Article

Calcium supplementation during pregnancy for preventing hypertensive disorders and related problems

Department of Obstetrics and Gynaecology, East London Hospital Complex, University of the Witwatersrand, University of Fort Hare, Eastern Cape Department of Health, Frere and Cecilia Makiwane Hospitals, Private Bag X 9047, East London, Eastern Cape, South Africa, 5200.

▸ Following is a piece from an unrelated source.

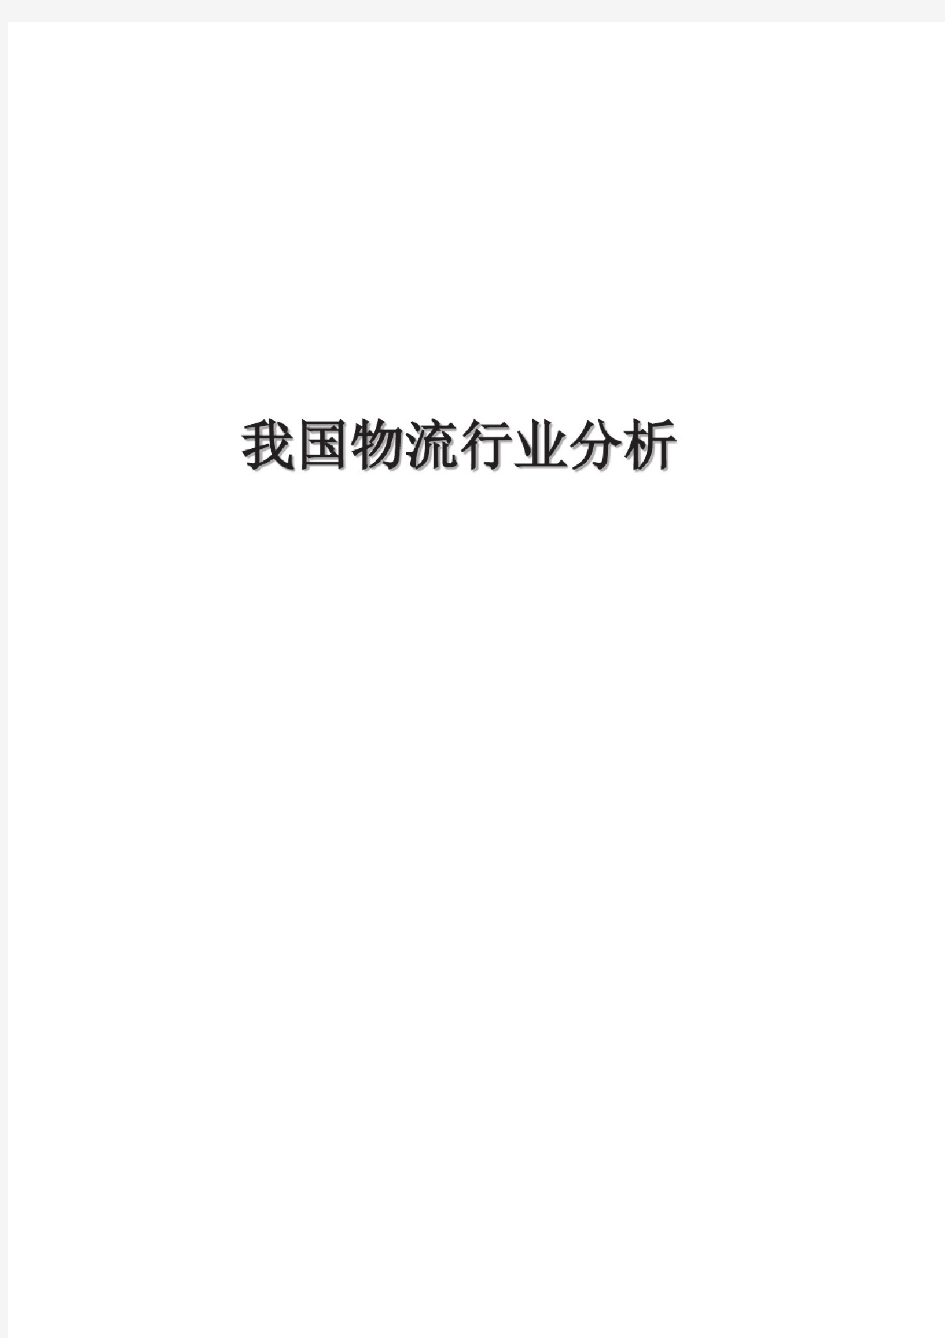 中国物流行业分析报告

Cochrane database of systematic reviews (Online) (Impact Factor: 5.94). 01/2010; DOI: 10.1002/14651858.CD001059.pub3
Source: PubMed

ABSTRACT Pre-eclampsia and eclampsia are common causes of serious morbidity and death. Calcium supplementation may reduce the risk of pre-eclampsia through a number of mechanisms, and may help to prevent preterm birth.
To assess the effects of calcium supplementation during pregnancy on hypertensive disorders of pregnancy and related maternal and child outcomes.

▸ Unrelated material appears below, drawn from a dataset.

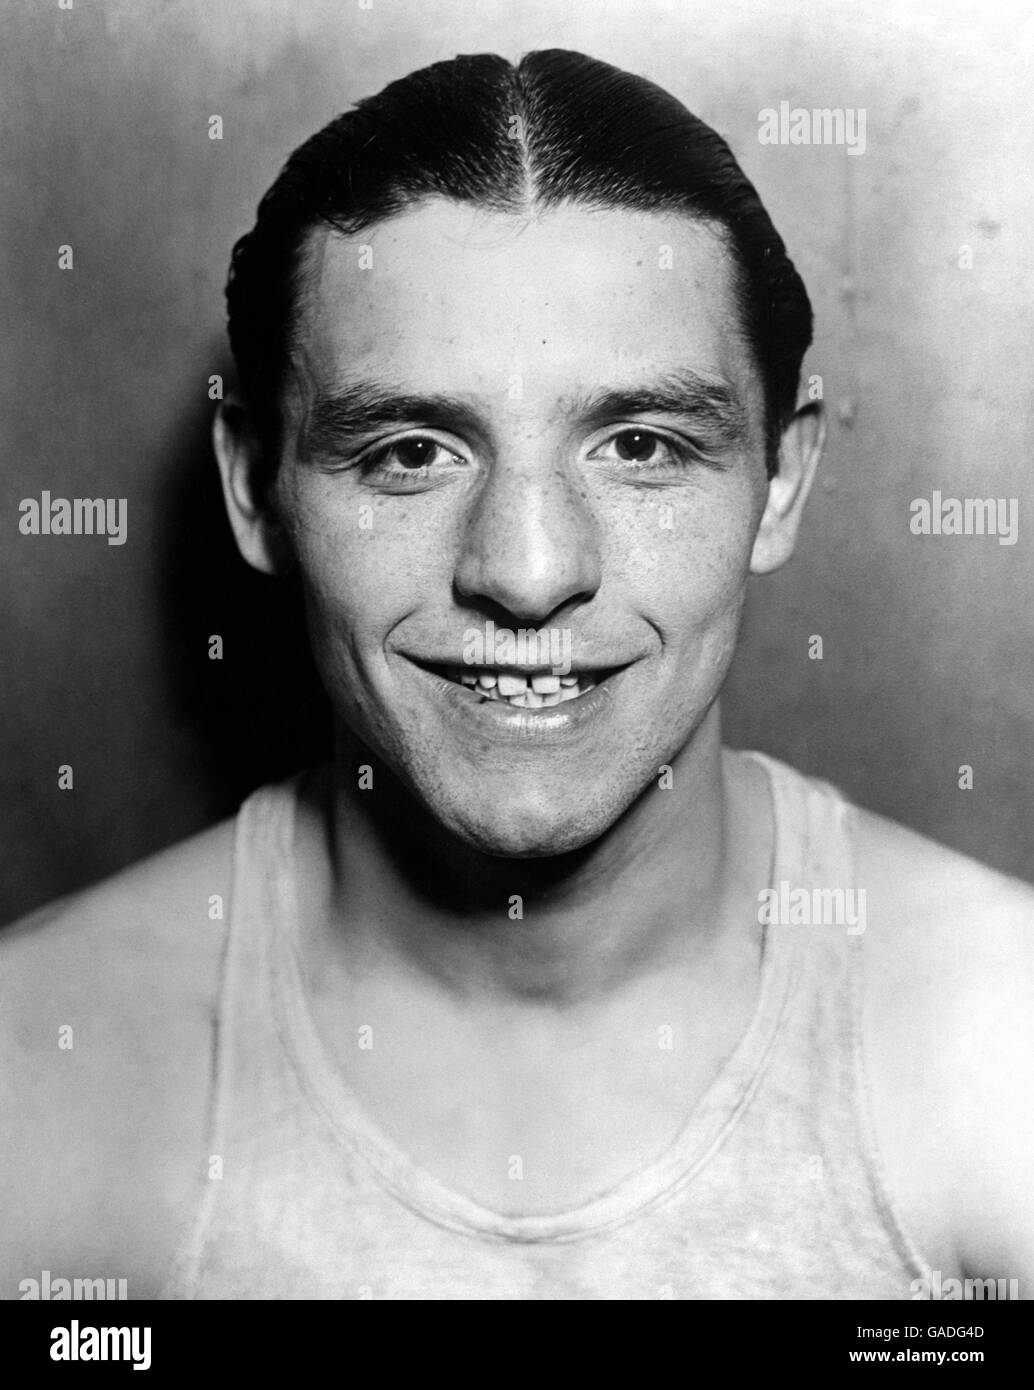 Sport - Boxing - British Boxers dans les années 1930.Jack 'Kids' Berg, le « tourbillon de Whitechapel », photographié lors d'un entraînement dans un gymnase de New York en janvier 1930 Banque D'Images

We searched the Cochrane Pregnancy and Childbirth Group's Trials Register (May 2010) and contacted study authors.
Randomised trials comparing at least 1 g daily of calcium during pregnancy with placebo.

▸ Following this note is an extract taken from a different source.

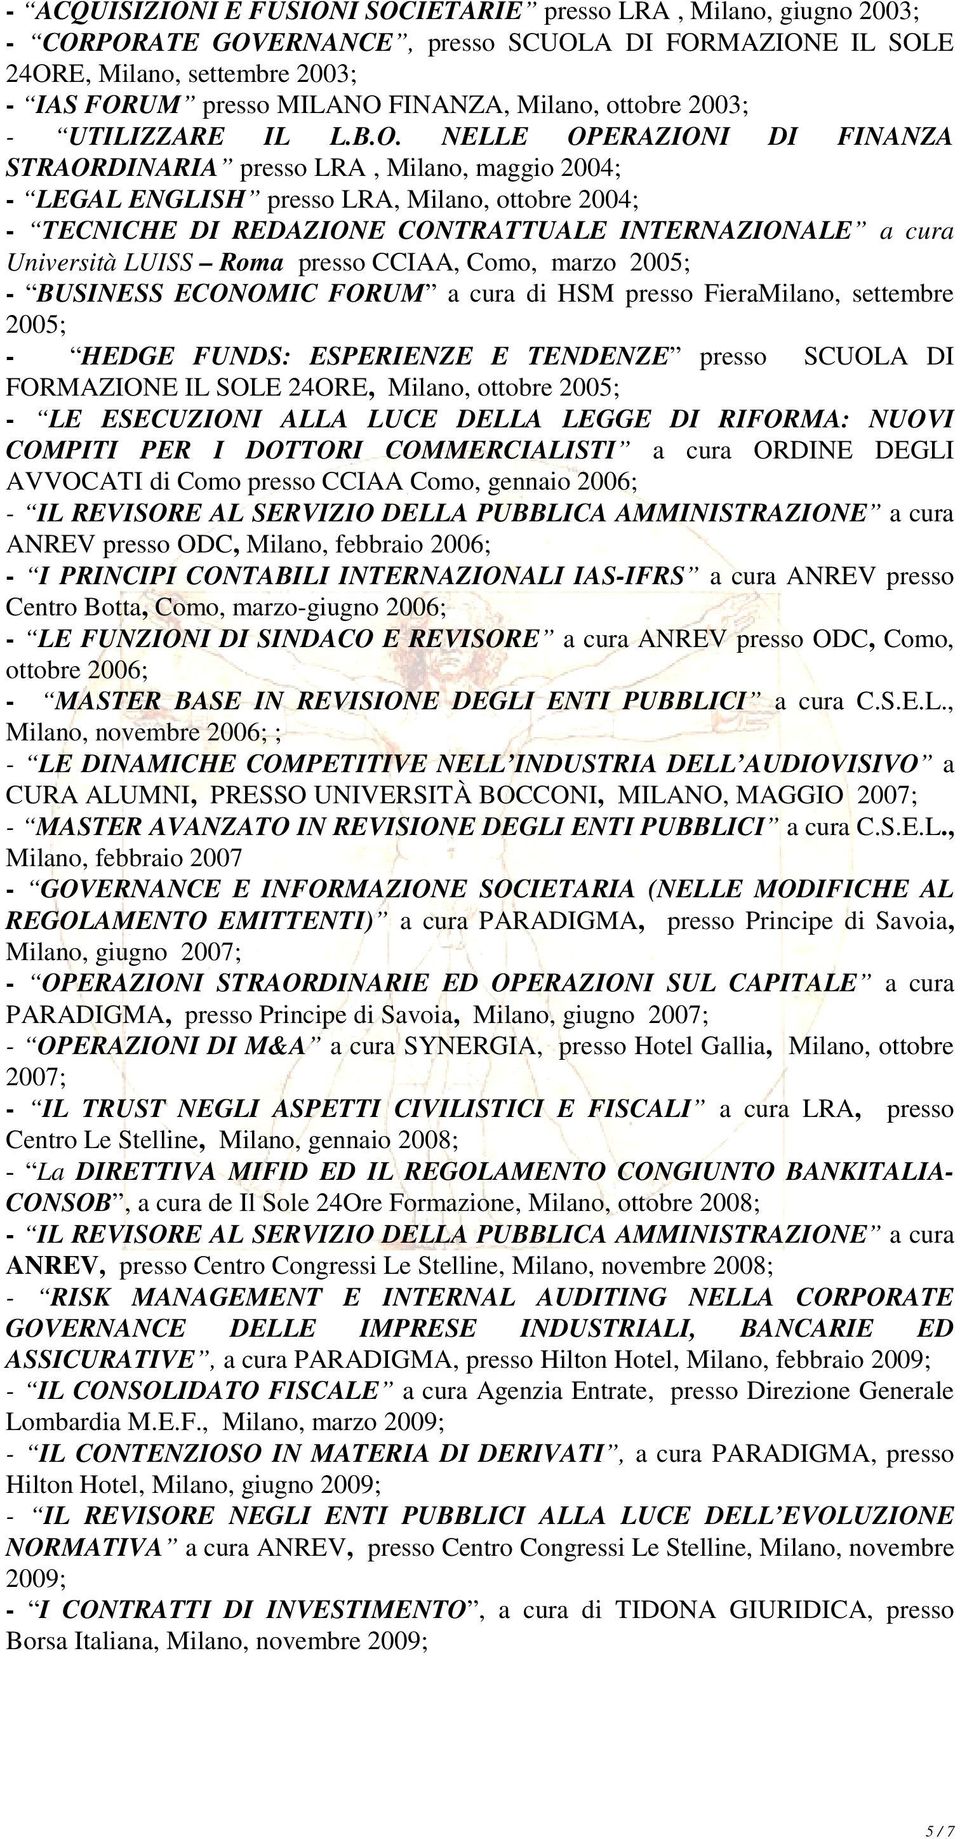 NELLE OPERAZIONI DI FINANZA STRAORDINARIA presso LRA, Milano, maggio 2004; - LEGAL ENGLISH presso LRA, Milano, ottobre 2004; - TECNICHE DI REDAZIONE CONTRATTUALE INTERNAZIONALE a cura Università

We assessed eligibility and trial quality, extracted and double-entered data.
We included 13 studies of good quality (involving 15,730 women). The average risk of high blood pressure was reduced with calcium supplementation rather than placebo (12 trials, 15,470 women: risk ratio (RR) 0.65, 95% confidence interval (CI) 0.53 to 0.81). There was also a reduction in the average risk of pre-eclampsia associated with calcium supplementation (13 trials, 15,730 women: RR 0.45, 95% CI 0.31 to 0.65). The effect was greatest for high-risk women (five trials, 587 women: RR 0.22, 95% CI 0.12 to 0.42), and those with low baseline calcium intake (eight trials, 10,678 women: RR 0.36, 95% CI 0.20 to 0.65).The average risk of preterm birth was reduced in the calcium group overall (11 trials, 15,275 women: RR 0.76, 95% CI 0.60 to 0.97) and amongst women at high risk of developing pre-eclampsia recruited to four small trials (568 women: RR 0.45, 95% CI 0.24 to 0.83).There was no overall effect on the risk of stillbirth or death before discharge from hospital (11 trials 15,665 babies; RR 0.90, 95% CI 0.74 to 1.09). The composite outcome maternal death or serious morbidity was reduced (four trials, 9732 women; RR 0.80, 95% CI 0.65 to 0.97). Most of the women in these trials were low risk and had a low calcium diet. Maternal deaths were reported in only one trial. One death occurred in the calcium group and six in the placebo group, a difference which was not statistically significant (RR 0.17, 95% CI 0.02 to 1.39).Blood pressure in childhood has been assessed in two studies, only one of which is currently included: childhood systolic blood pressure greater than 95th percentile was reduced (514 children: RR 0.59, 95% CI 0.39 to 0.91).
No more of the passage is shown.